**REQUIREMENT**
From the line containing "Unterst?tze Laureus Sport" to the line containing "Każdy z niemieckich" in the records below, set down every line exactly as it stands, both ends included, and skip the pictures.
== EXERCISE MATERIALS
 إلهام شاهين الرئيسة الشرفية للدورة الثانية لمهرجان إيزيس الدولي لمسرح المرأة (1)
====
== EXERCISE MATERIALS
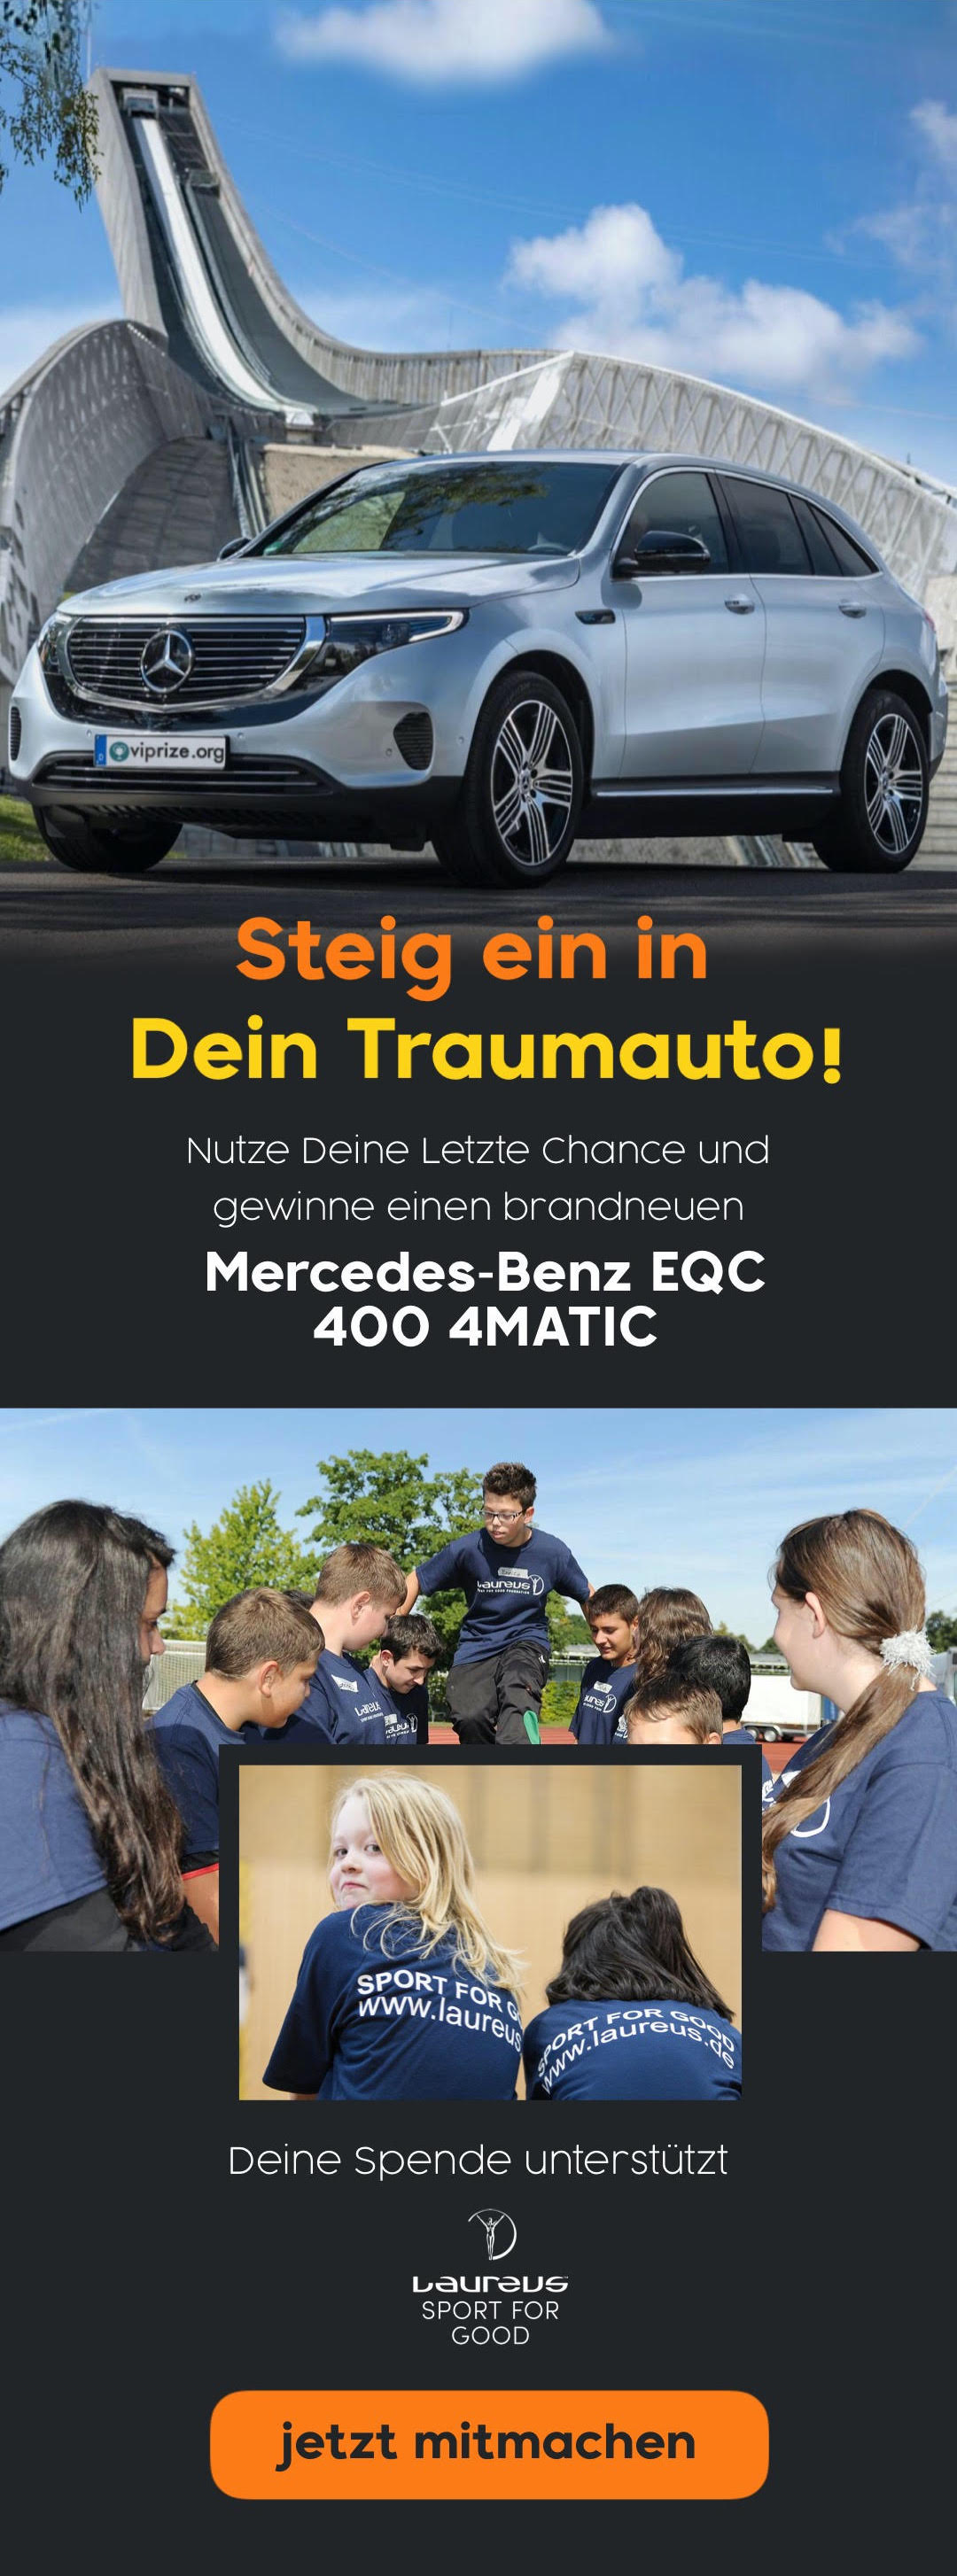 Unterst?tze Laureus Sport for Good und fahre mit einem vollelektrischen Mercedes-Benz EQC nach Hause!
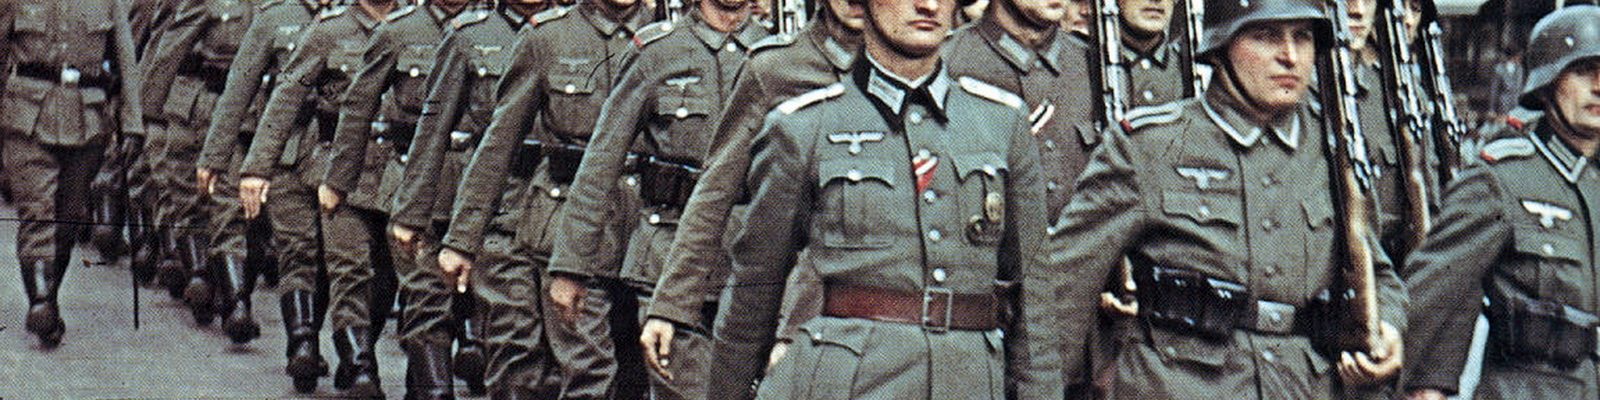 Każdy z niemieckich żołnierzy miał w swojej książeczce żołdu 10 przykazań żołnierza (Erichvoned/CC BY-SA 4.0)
====
== EXERCISE MATERIALS
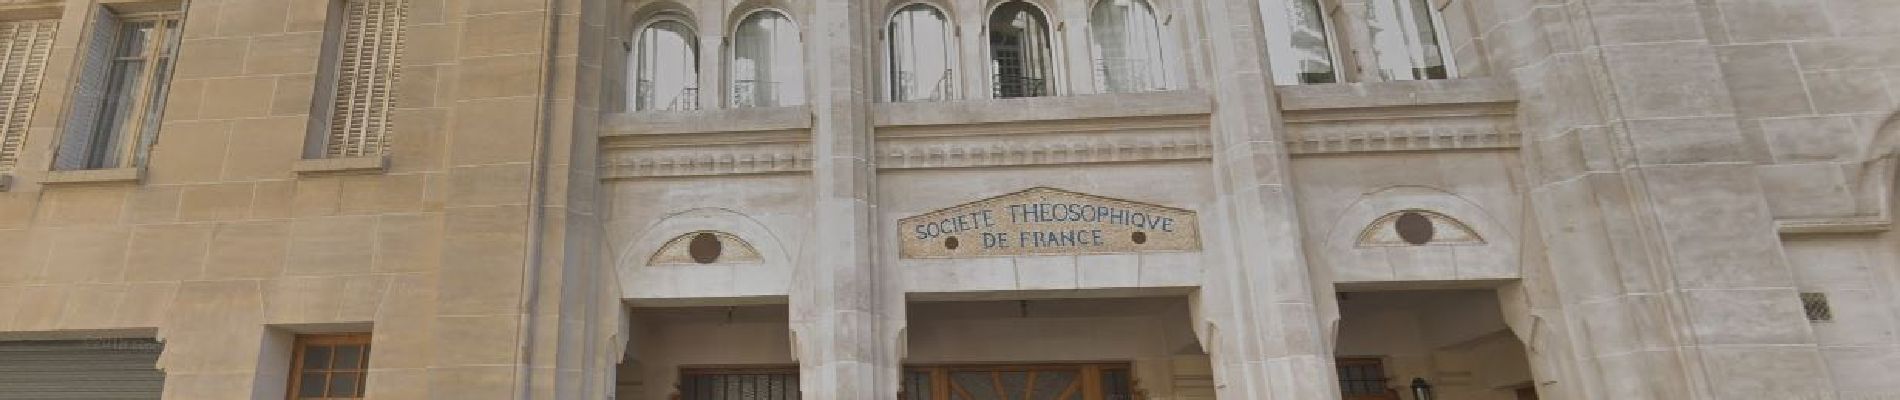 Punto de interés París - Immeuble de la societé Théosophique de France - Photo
====
**TASK ANSWER**
 Unterst?tze Laureus Sport for Good und fahre mit einem vollelektrischen Mercedes-Benz EQC nach Hause!
 Każdy z niemieckich żołnierzy miał w swojej książeczce żołdu 10 przykazań żołnierza (Erichvoned/CC BY-SA 4.0)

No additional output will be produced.